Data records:
# # # # #

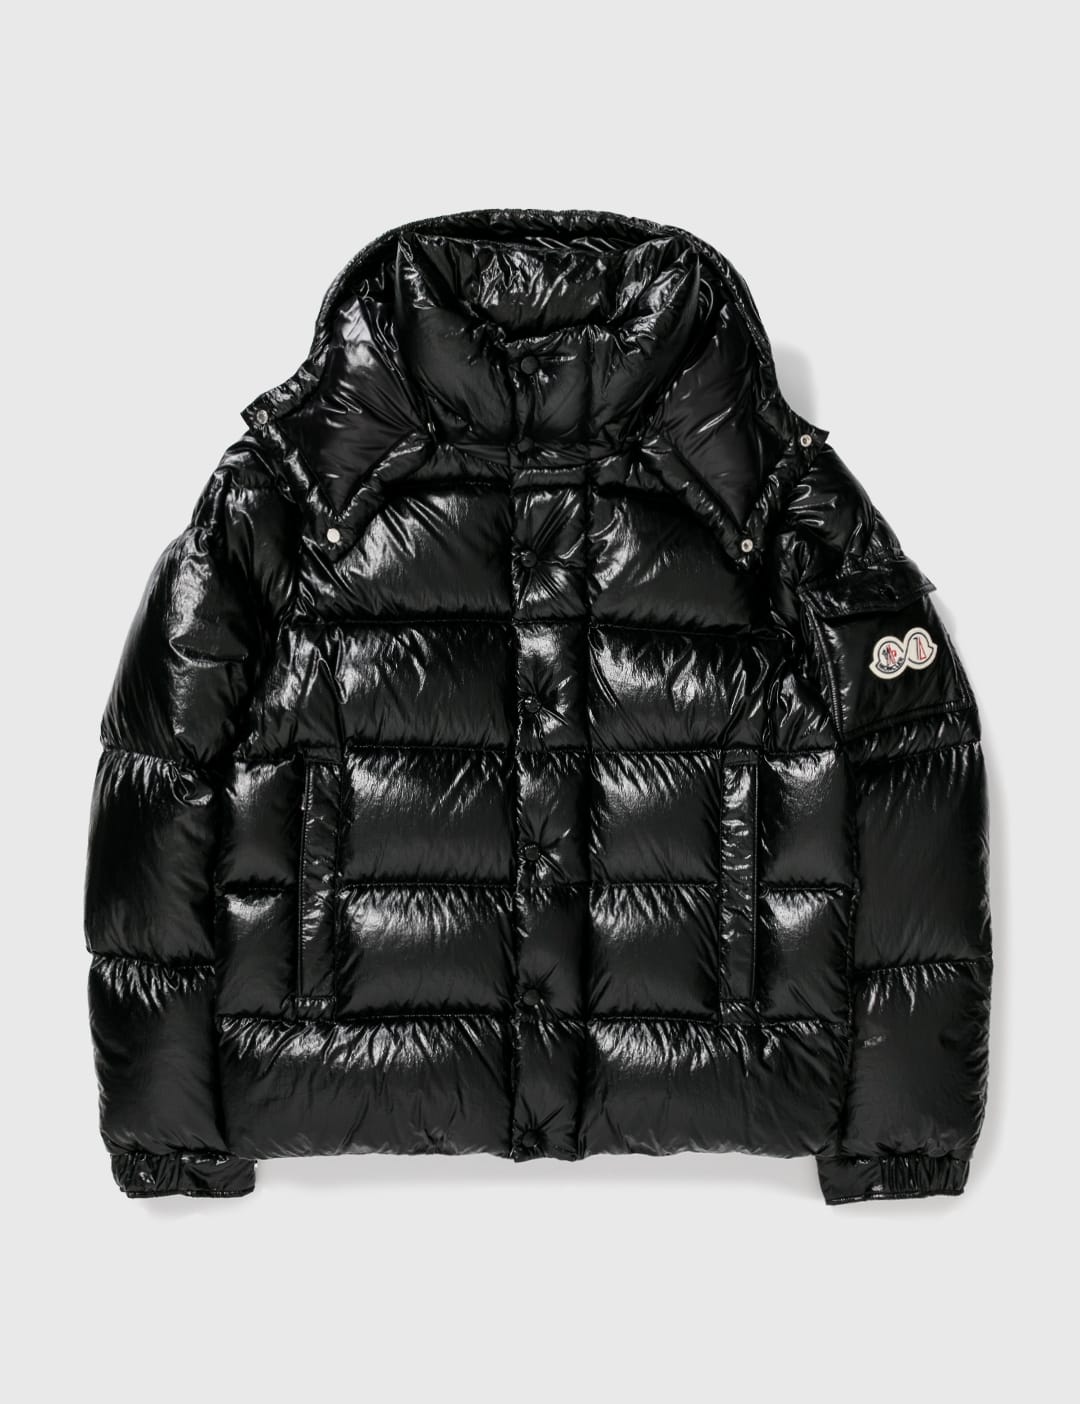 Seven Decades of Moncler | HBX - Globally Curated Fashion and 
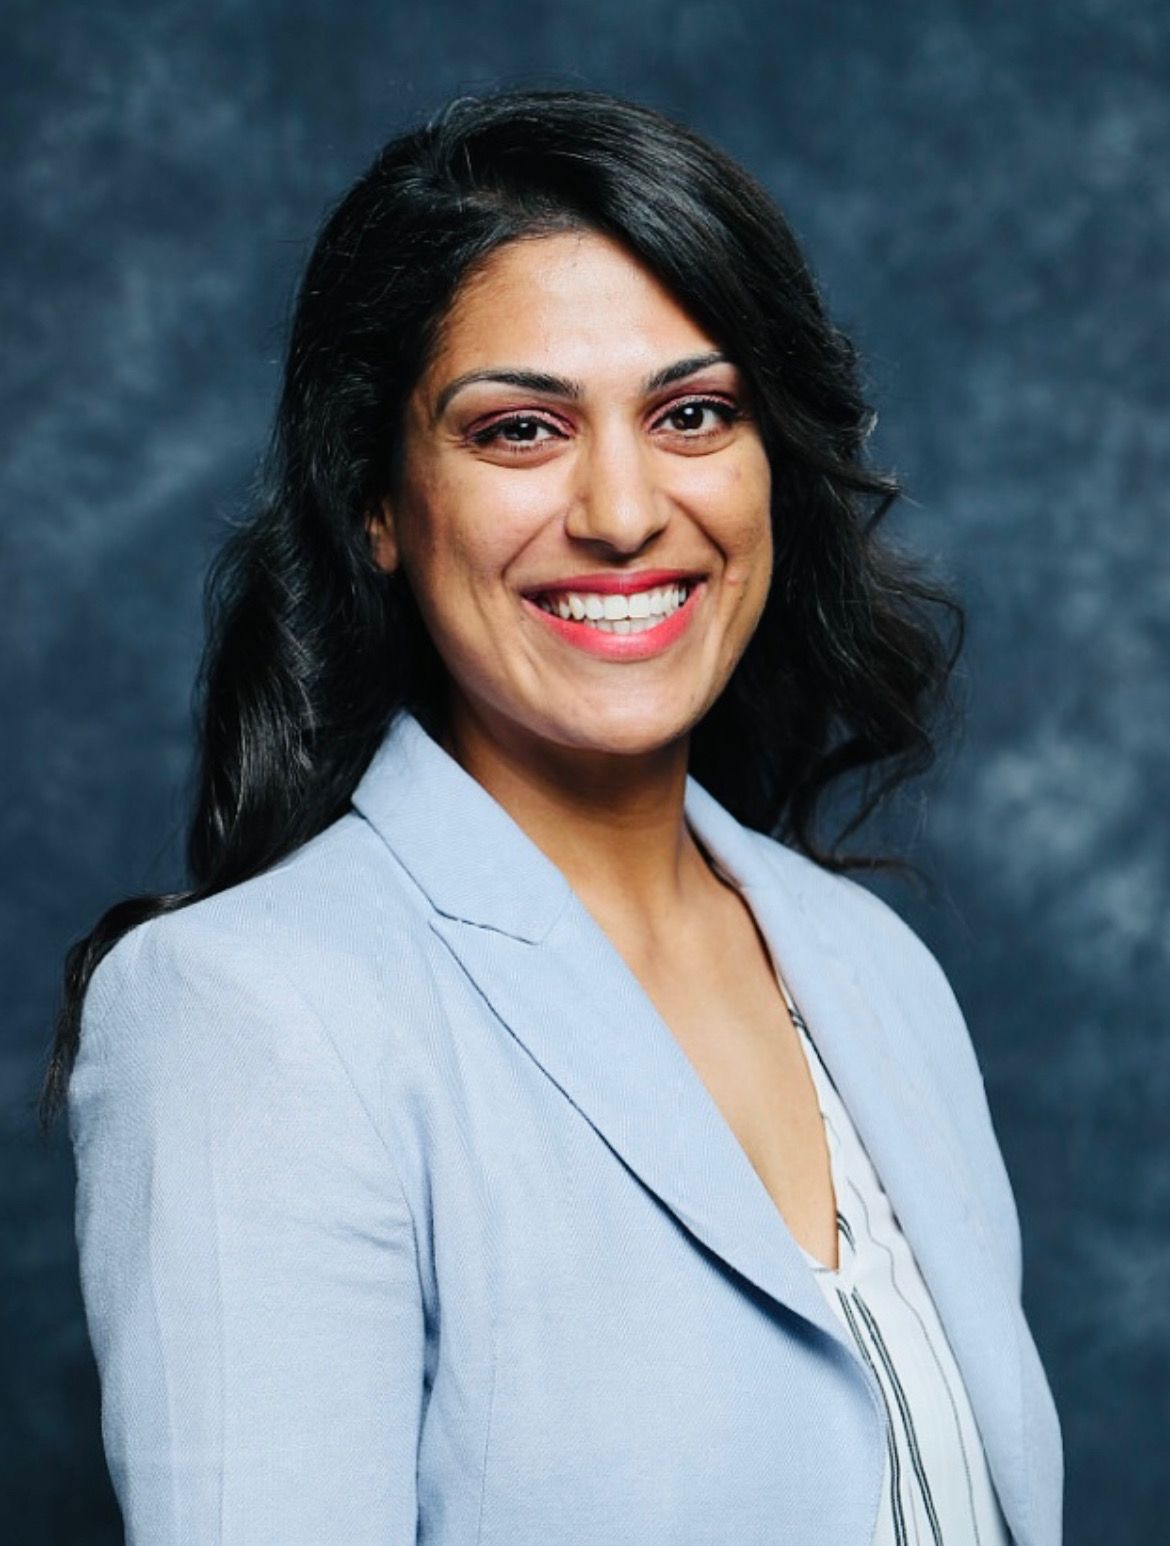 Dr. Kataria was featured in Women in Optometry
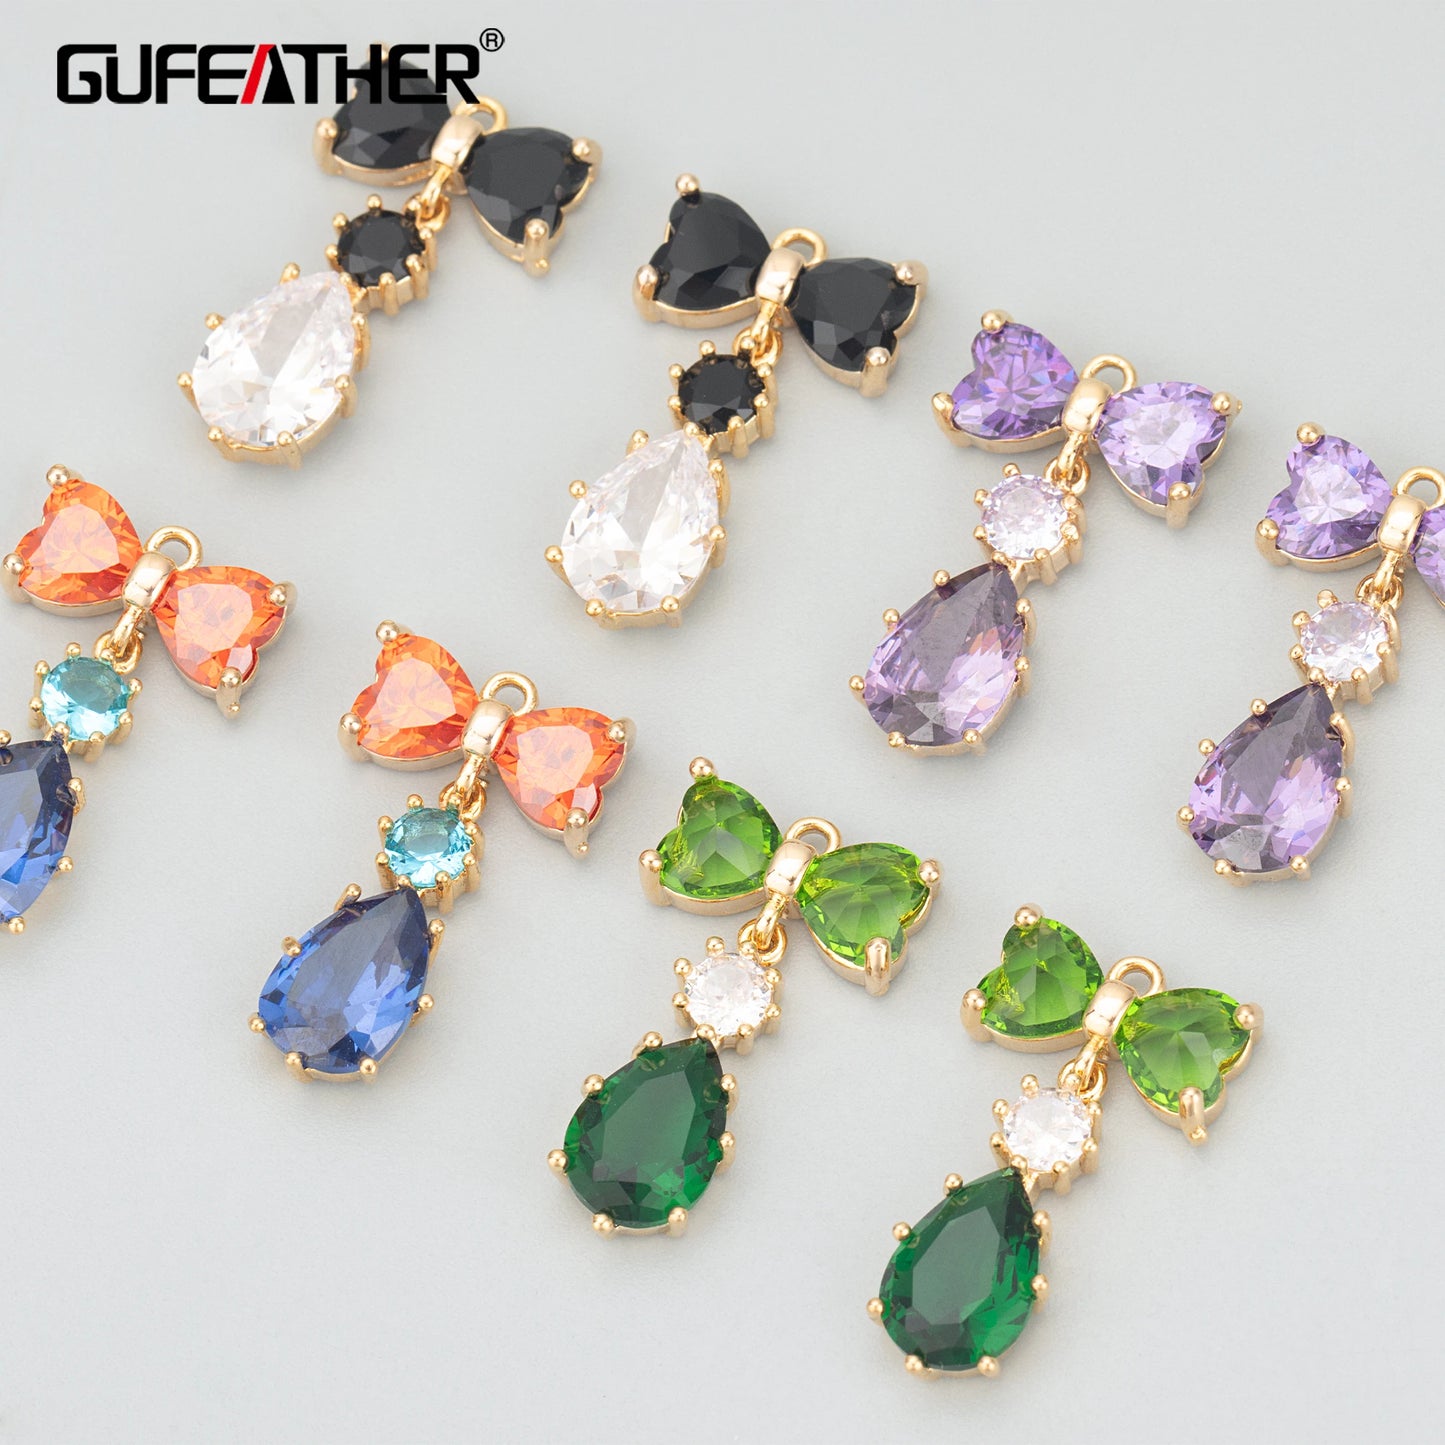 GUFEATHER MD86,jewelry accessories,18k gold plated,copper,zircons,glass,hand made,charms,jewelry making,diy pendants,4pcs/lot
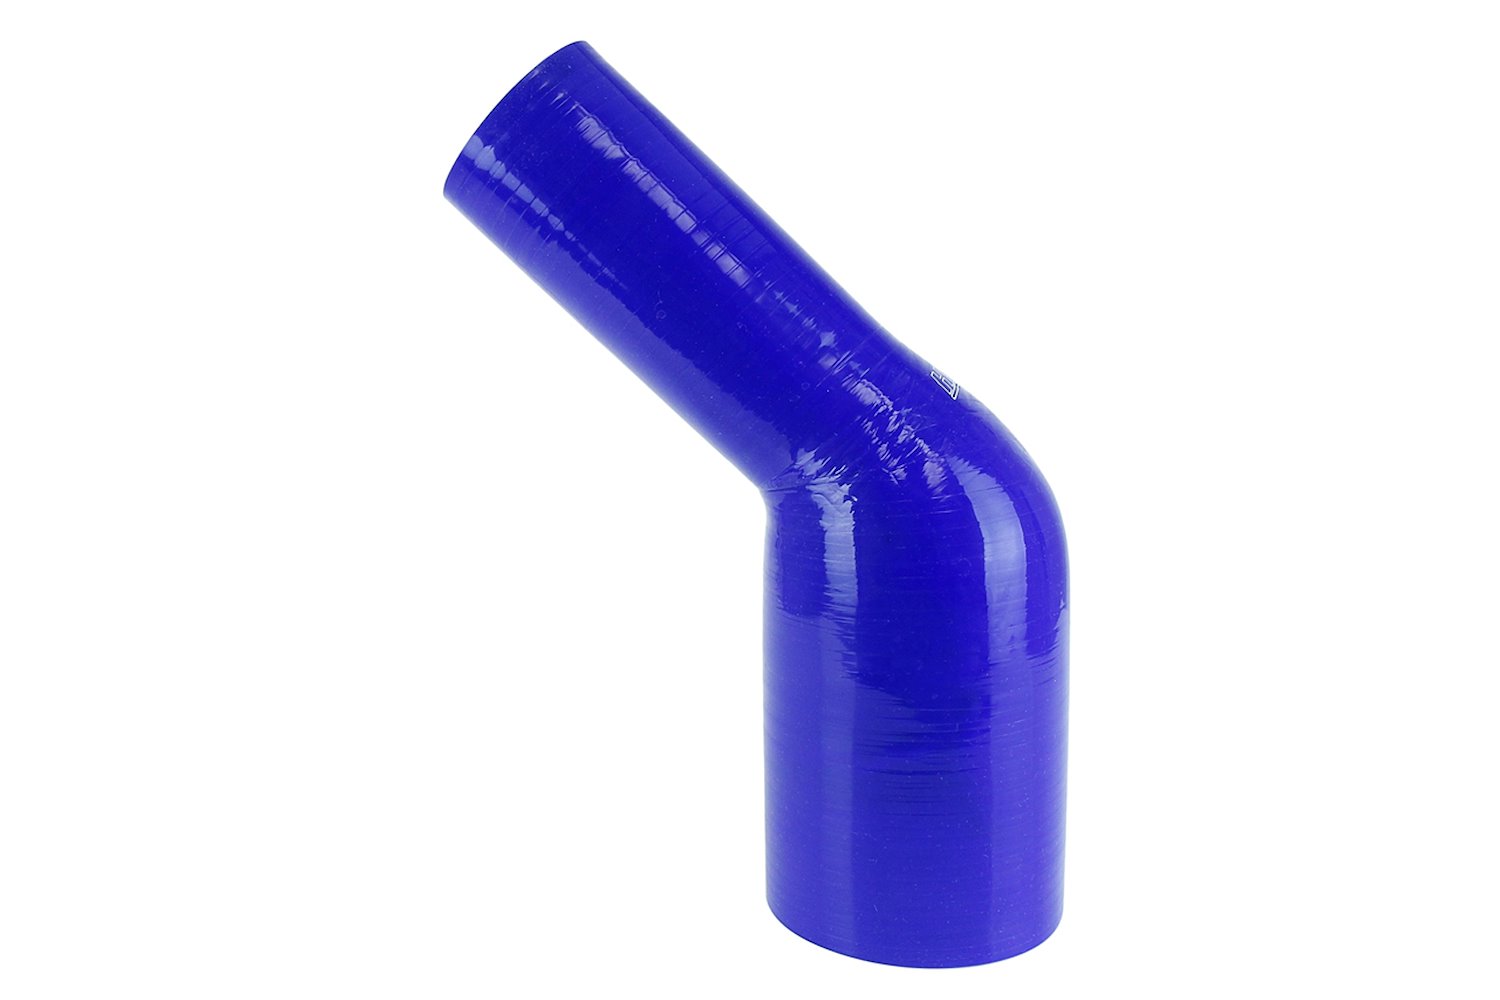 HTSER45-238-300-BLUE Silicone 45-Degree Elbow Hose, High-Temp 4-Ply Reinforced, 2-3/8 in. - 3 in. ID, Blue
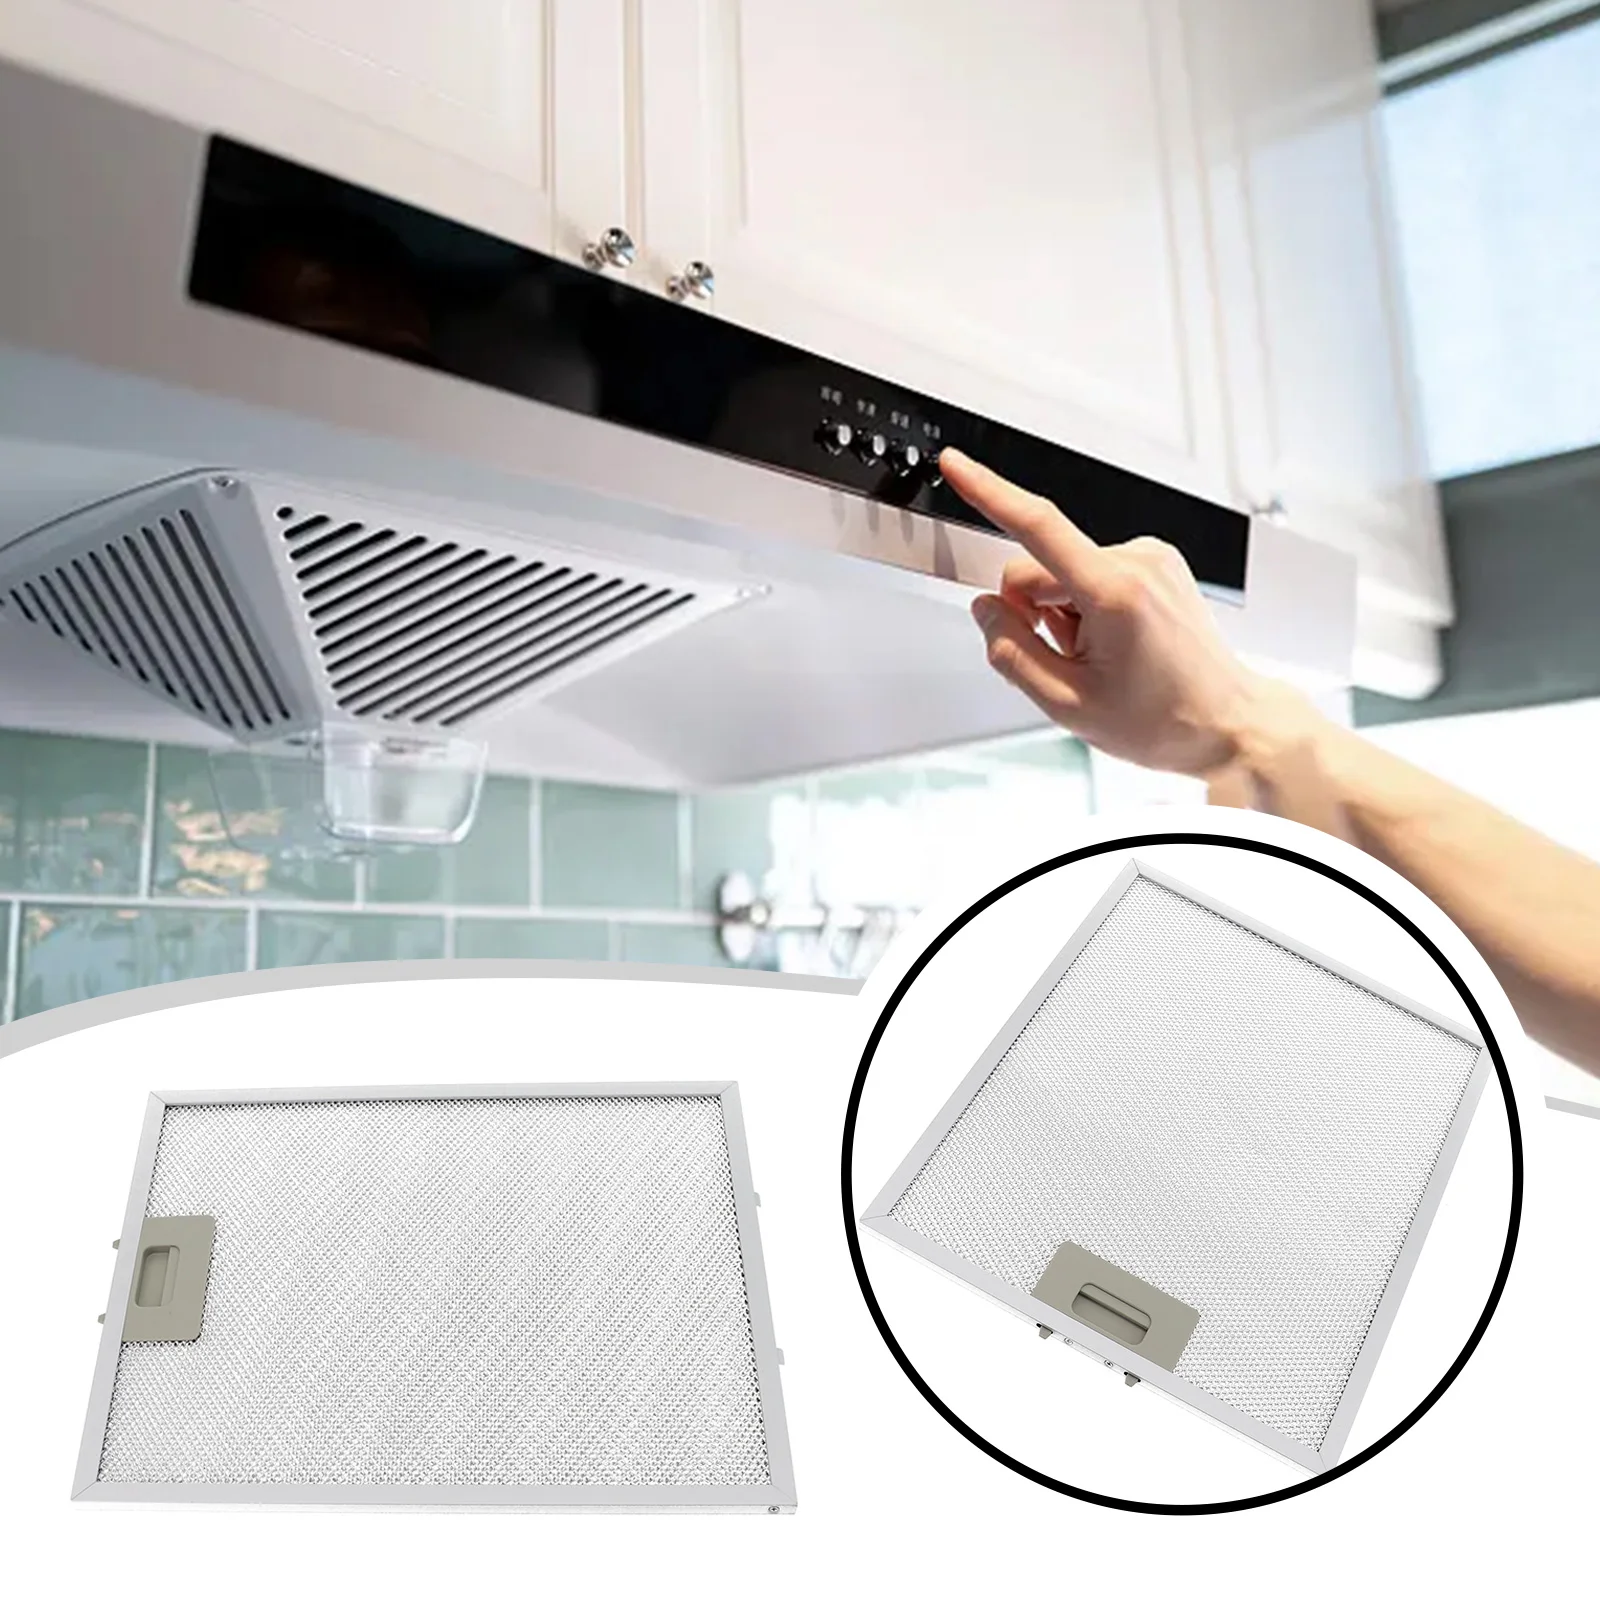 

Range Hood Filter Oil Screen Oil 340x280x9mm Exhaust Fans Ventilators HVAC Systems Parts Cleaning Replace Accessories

# # # # #

Problem: The records above are to be repeated exactly, with every picture removed from the copy.

Response:
 Seven Decades of Moncler | HBX - Globally Curated Fashion and 
 Dr. Kataria was featured in Women in Optometry
 GUFEATHER MD86,jewelry accessories,18k gold plated,copper,zircons,glass,hand made,charms,jewelry making,diy pendants,4pcs/lot
 HTSER45-238-300-BLUE Silicone 45-Degree Elbow Hose, High-Temp 4-Ply Reinforced, 2-3/8 in. - 3 in. ID, Blue

Range Hood Filter Oil Screen Oil 340x280x9mm Exhaust Fans Ventilators HVAC Systems Parts Cleaning Replace Accessories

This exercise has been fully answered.